- Collected material -
────────────────────

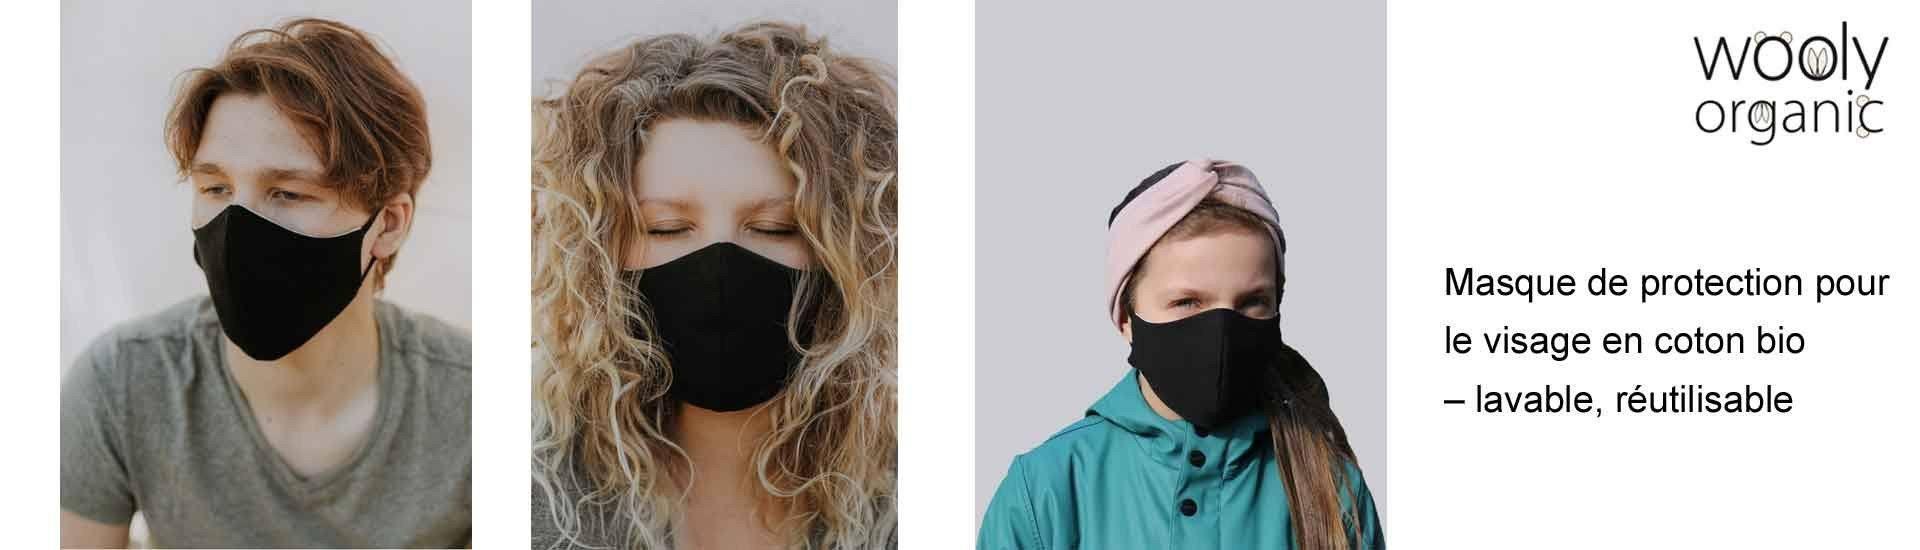 Masque en tissu lavable coton bio wooly organic
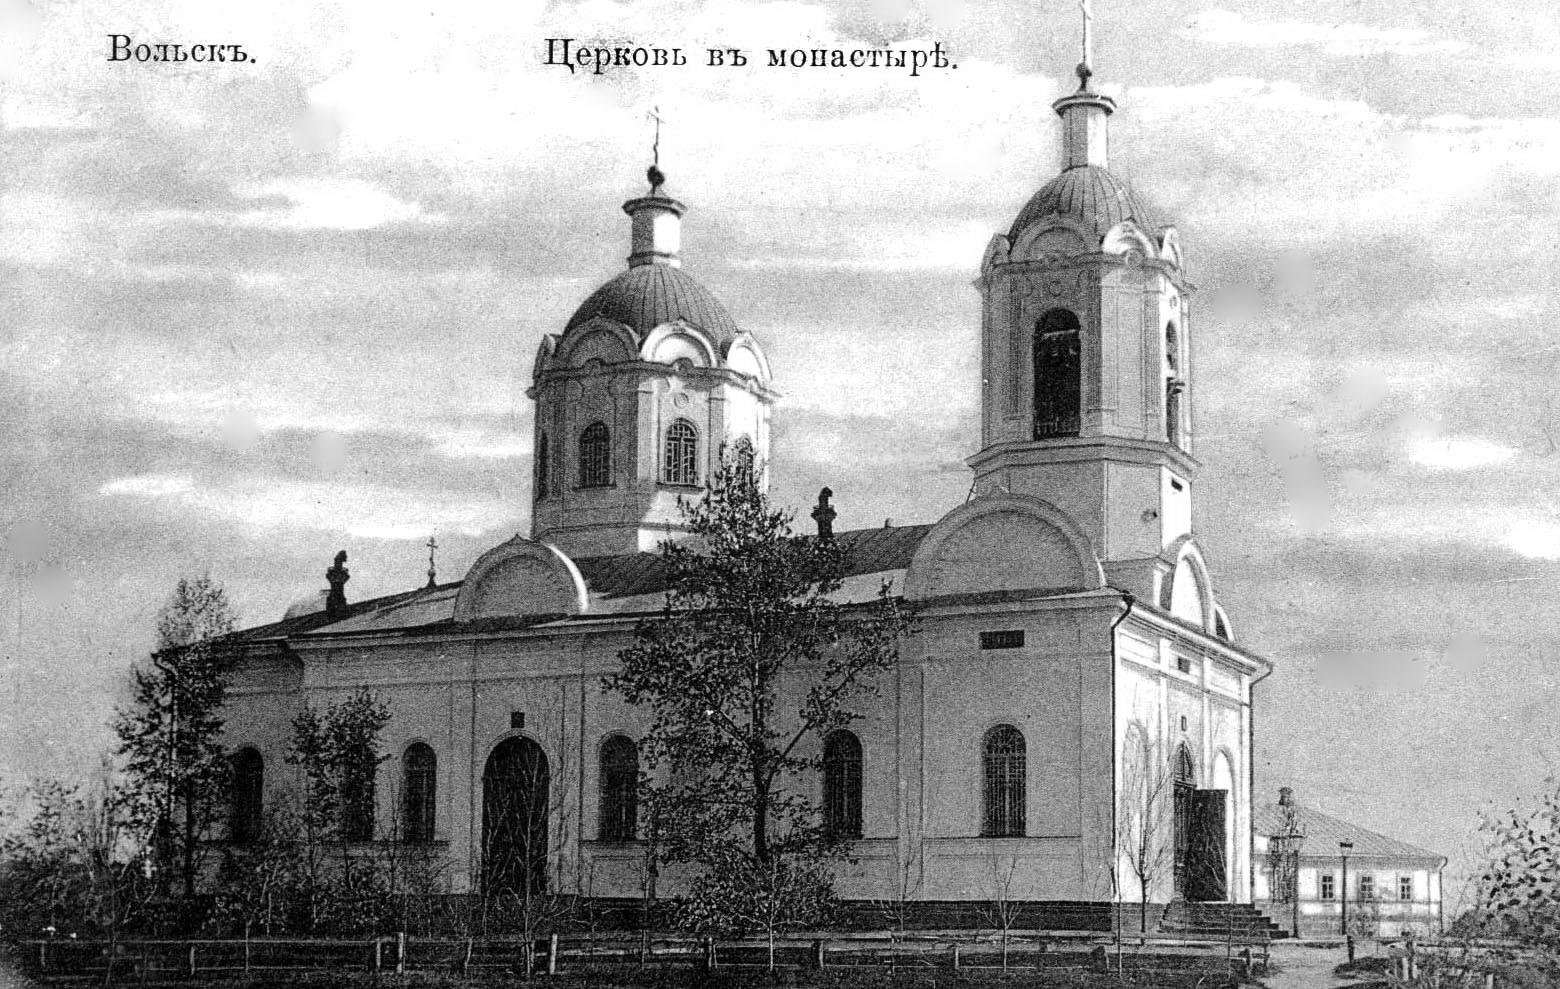 Женский монастырь. Церковь
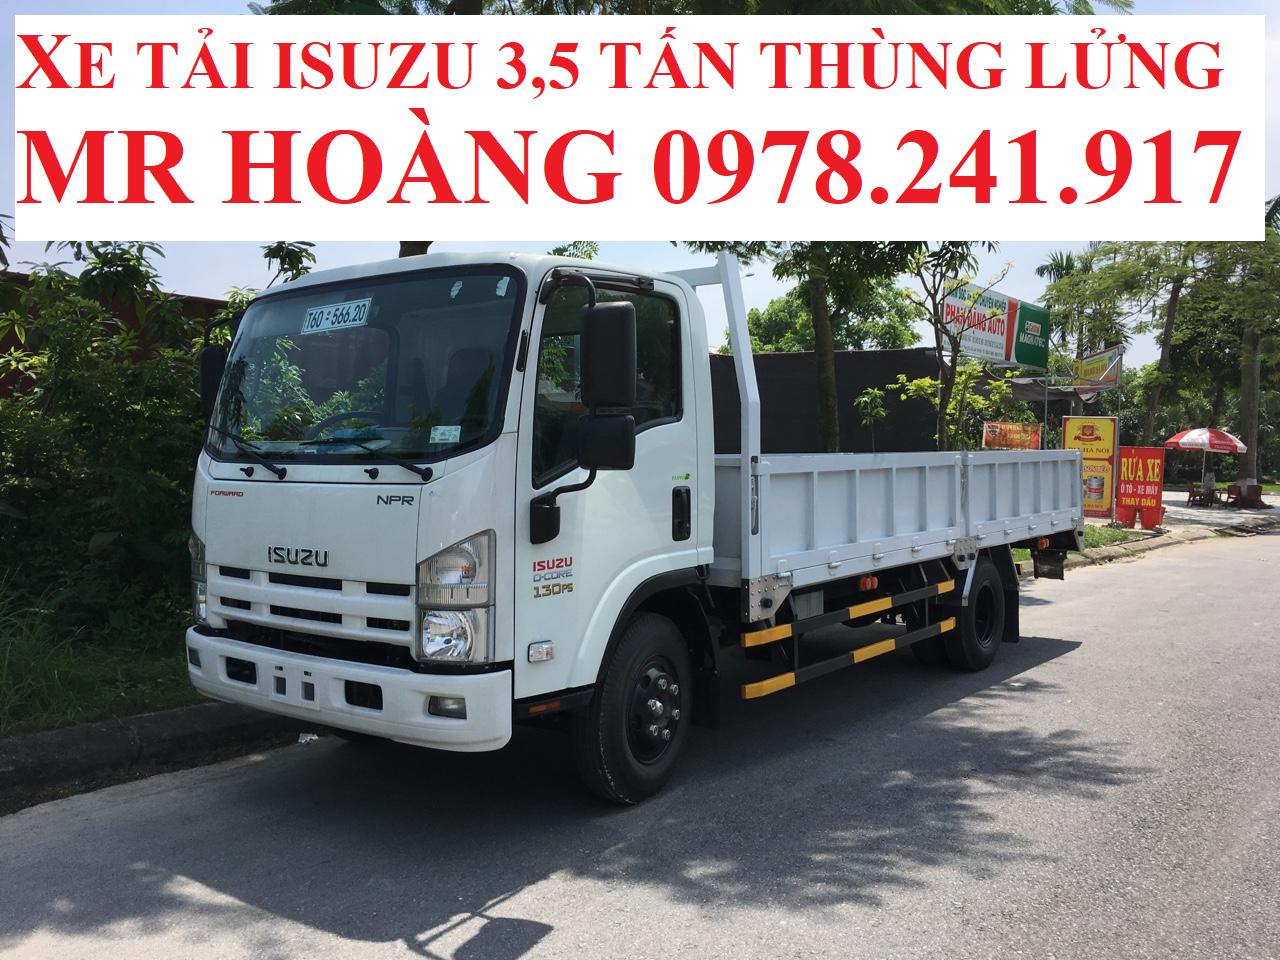 xe tải isuzu 3,5 tấn thùng lửng

────────────────────

- Exercise description -
The listing above should be repeated word for word, pictures removed.

- Written solution -
 Masque en tissu lavable coton bio wooly organic
 Женский монастырь. Церковь
 xe tải isuzu 3,5 tấn thùng lửng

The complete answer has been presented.